Start of Records

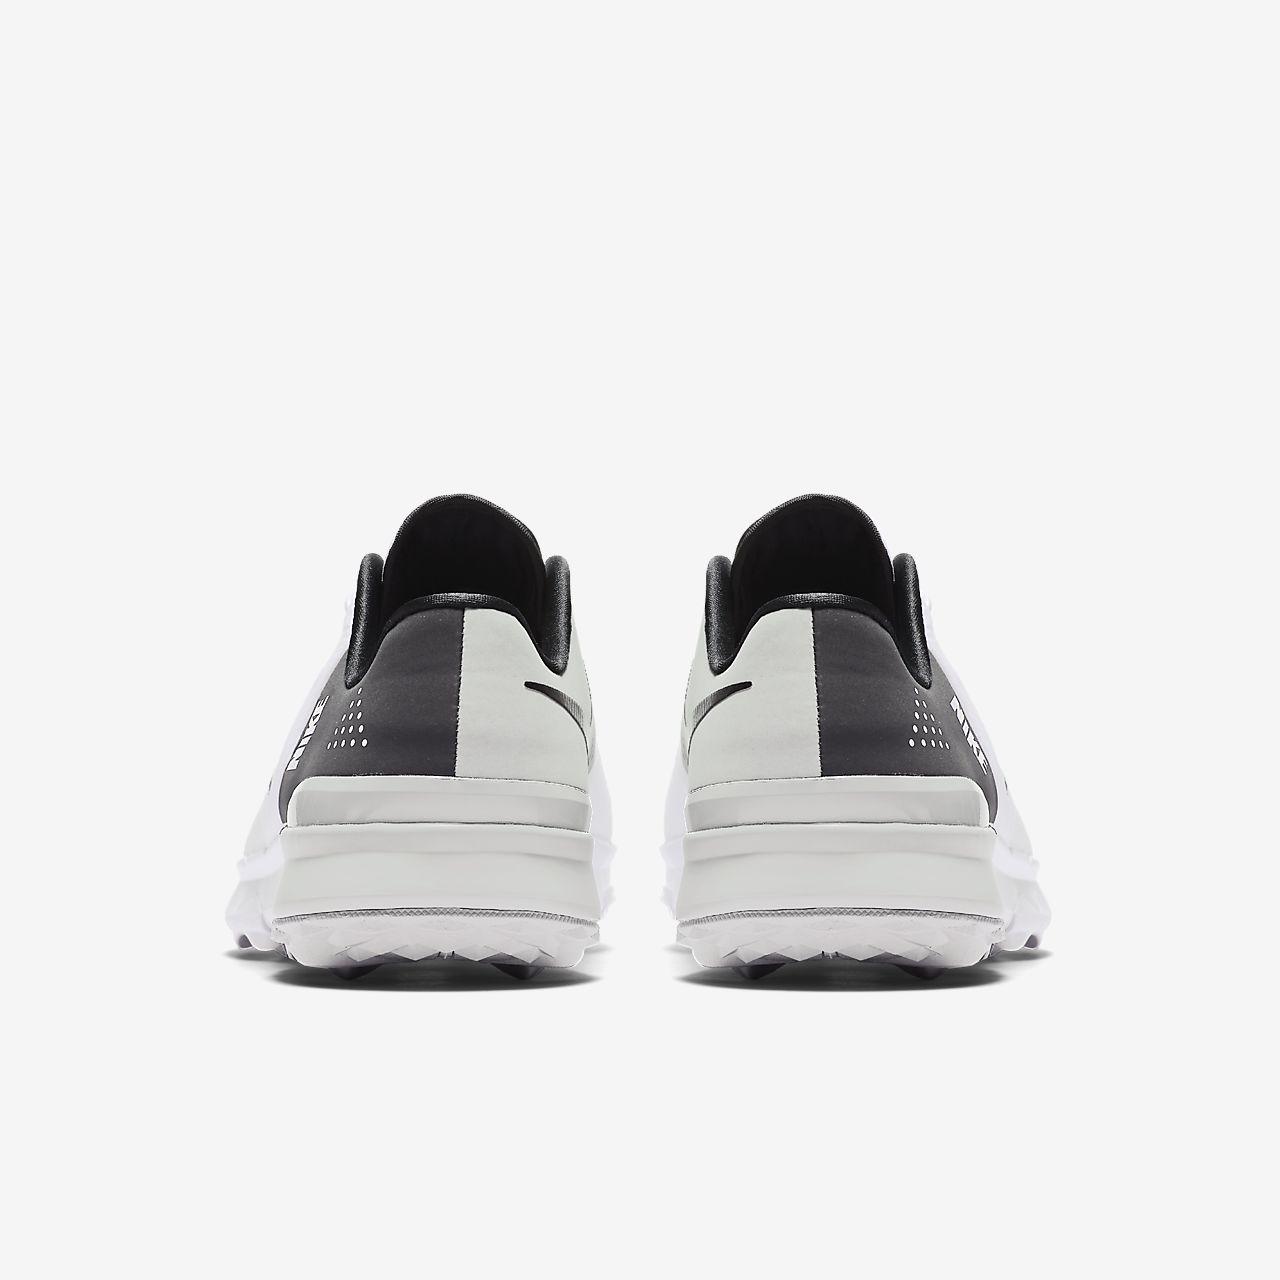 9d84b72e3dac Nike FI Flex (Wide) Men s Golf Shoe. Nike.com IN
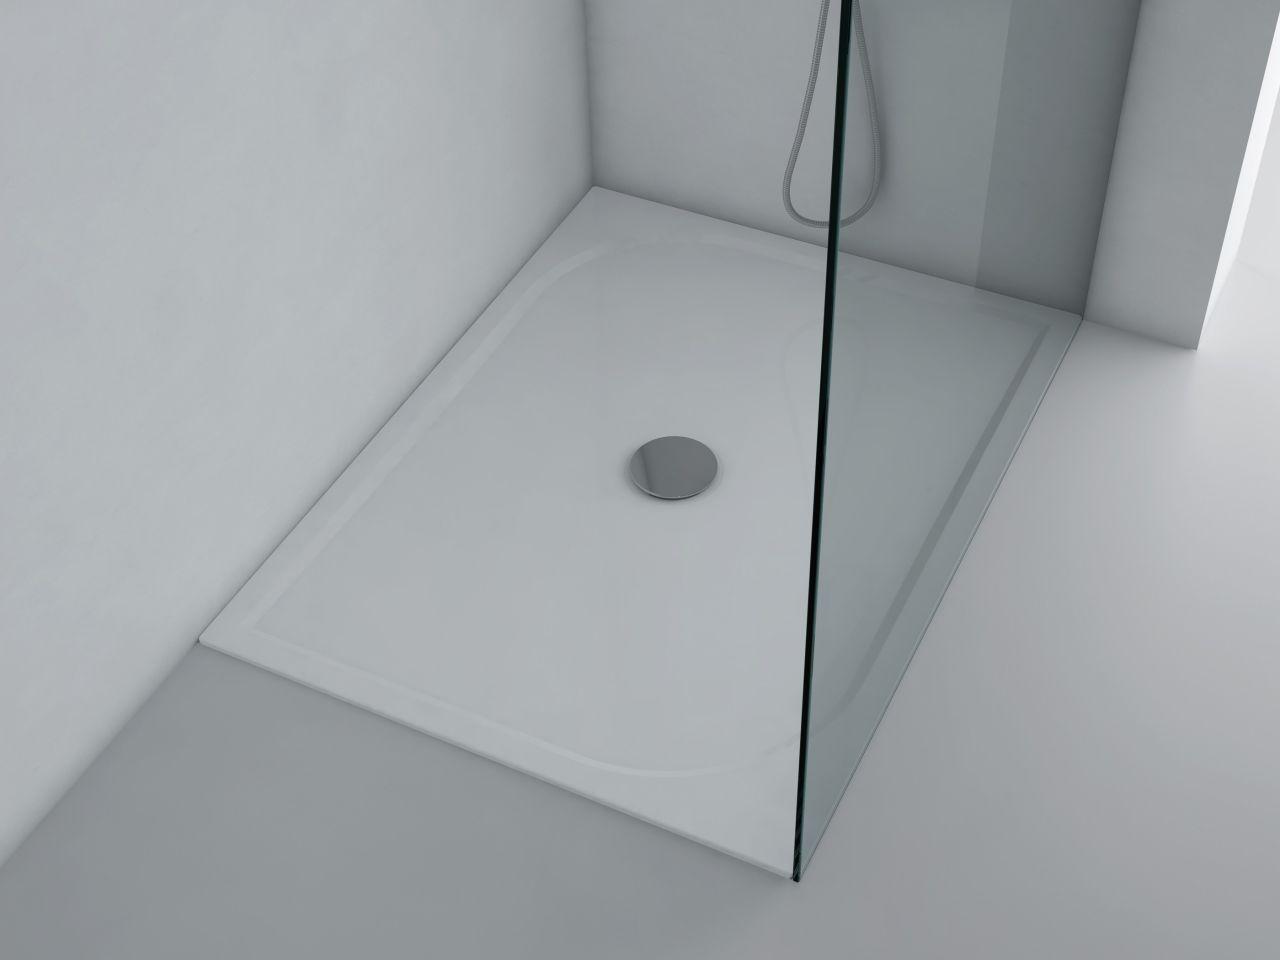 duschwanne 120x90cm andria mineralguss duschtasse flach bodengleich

End of Records
Start of Records

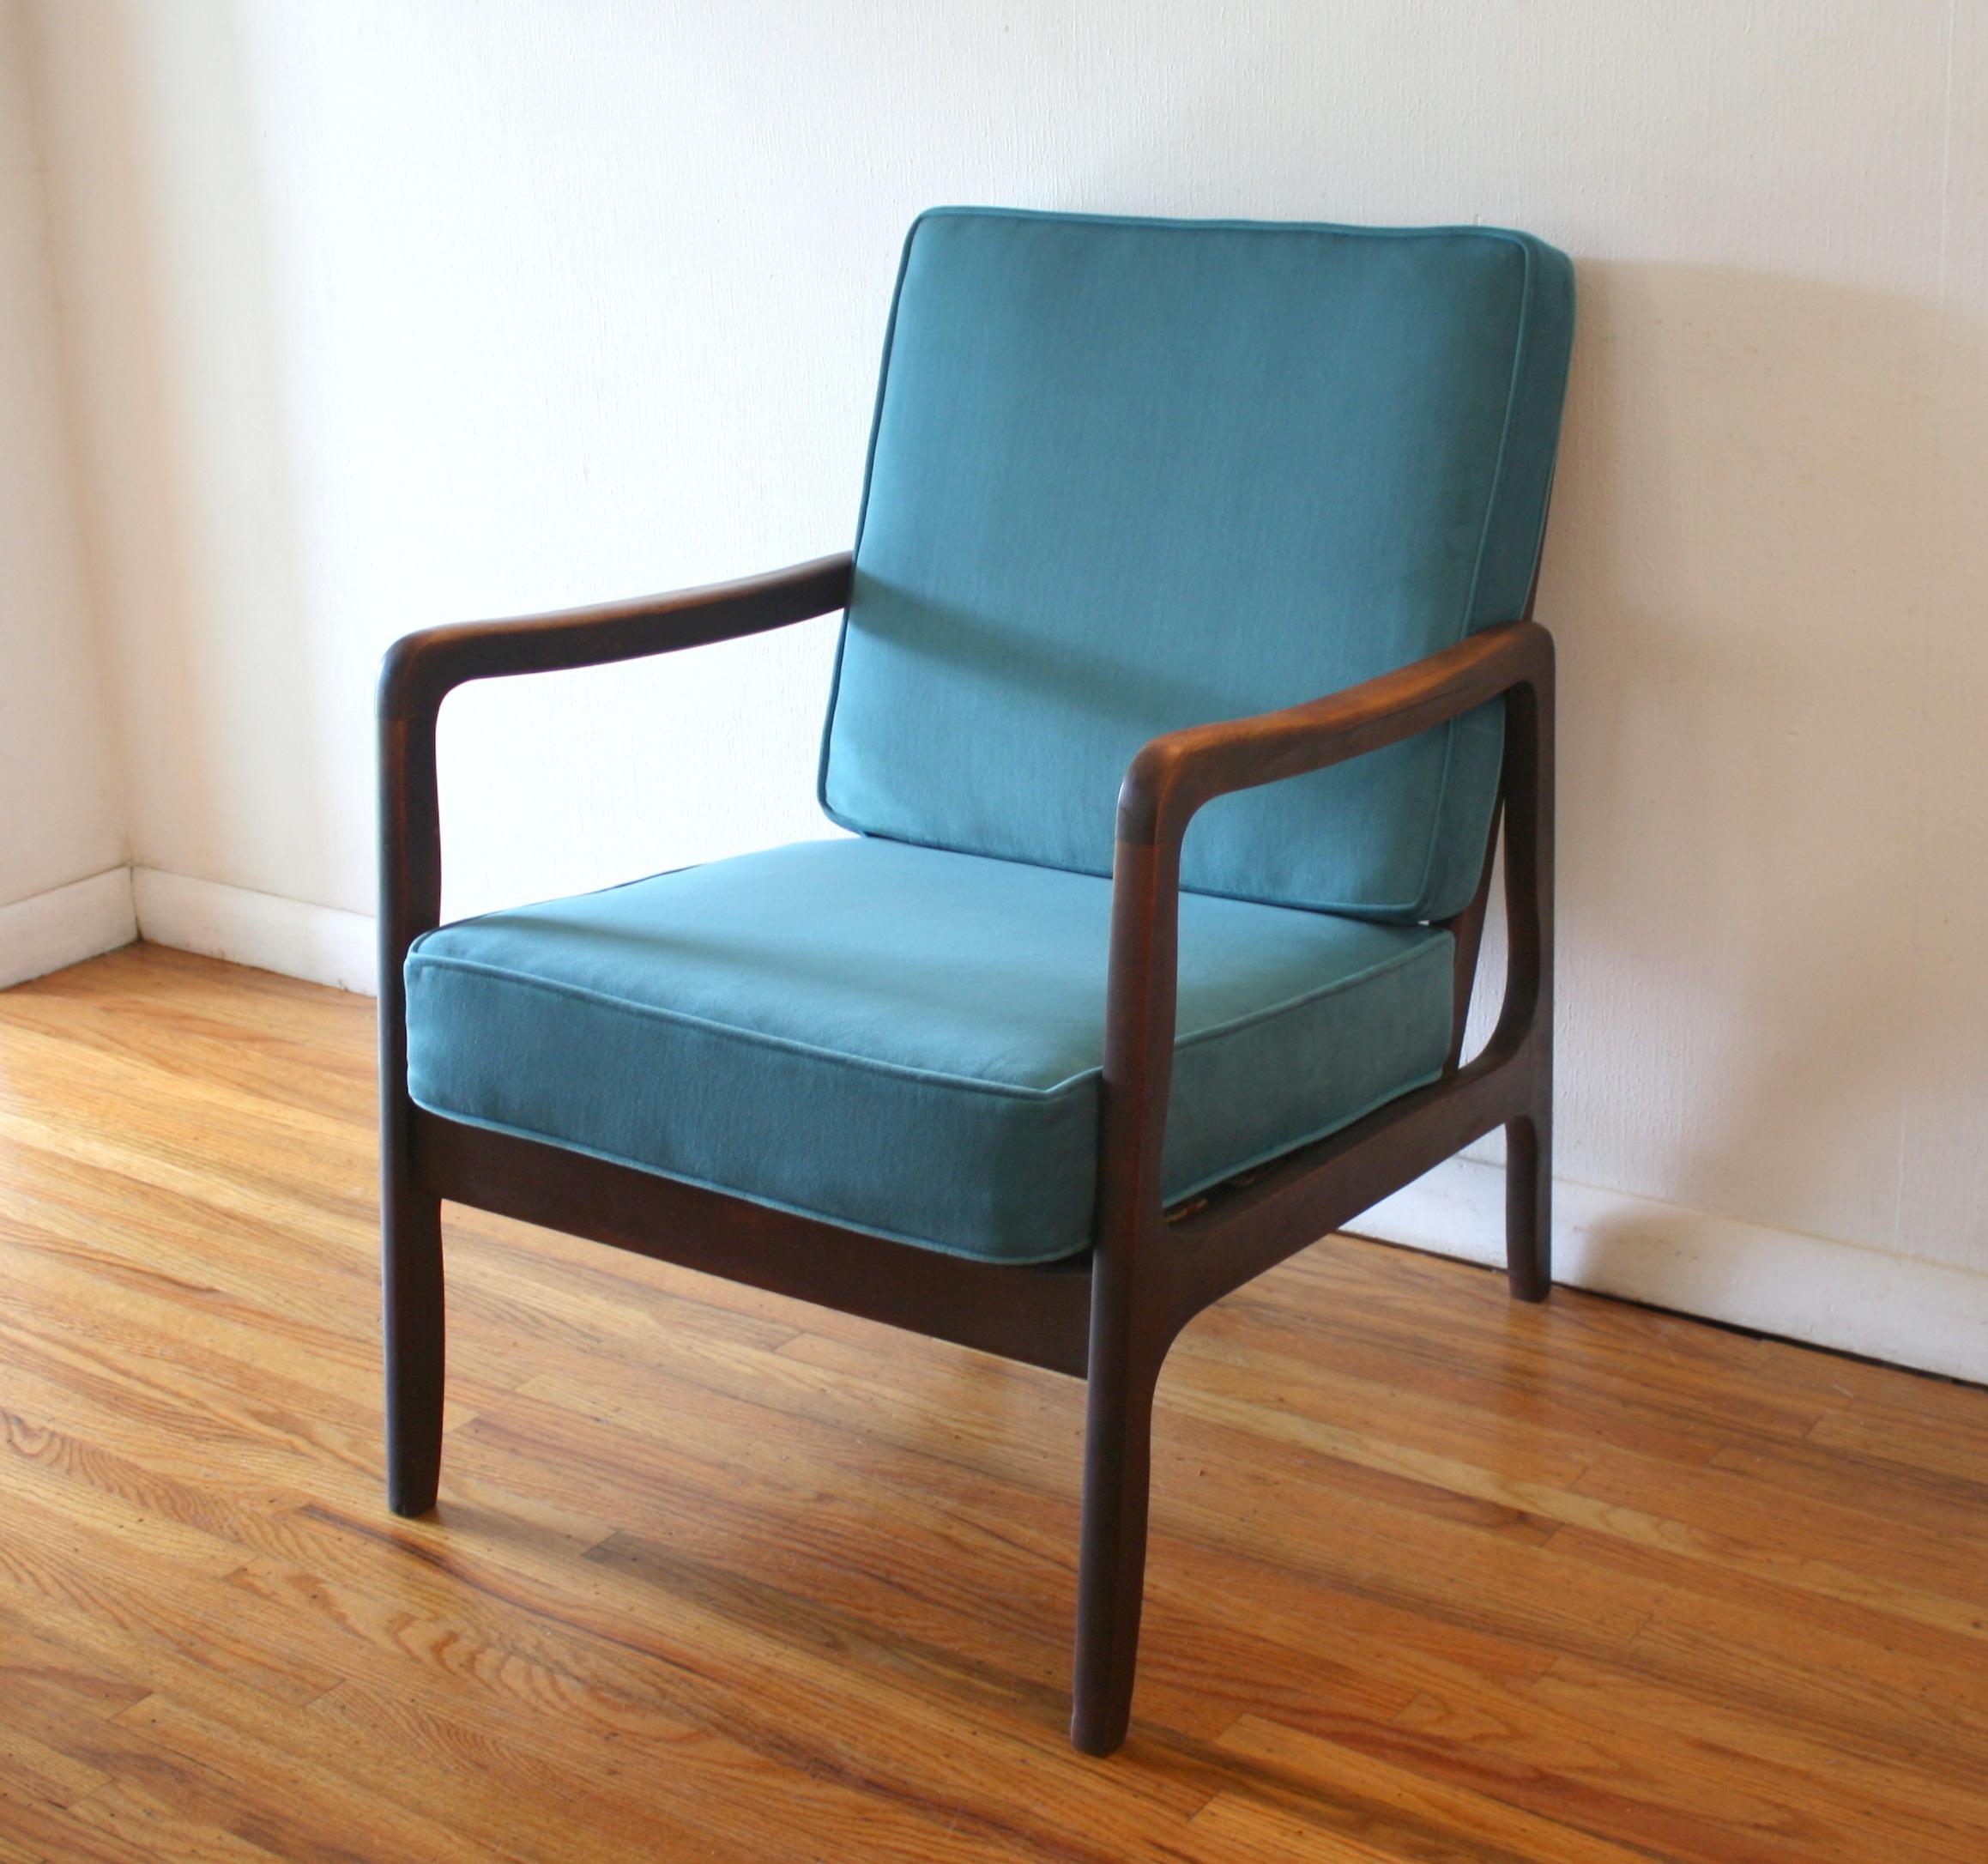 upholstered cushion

End of Records

→ Your task
The answer must be the part of the records that opens with the line containing "9d84b72e3dac Nike FI" and closes with the line containing "duschwanne 120x90cm andria", reproduced exactly, with no pictures.

→ Expected output
 9d84b72e3dac Nike FI Flex (Wide) Men s Golf Shoe. Nike.com IN
 duschwanne 120x90cm andria mineralguss duschtasse flach bodengleich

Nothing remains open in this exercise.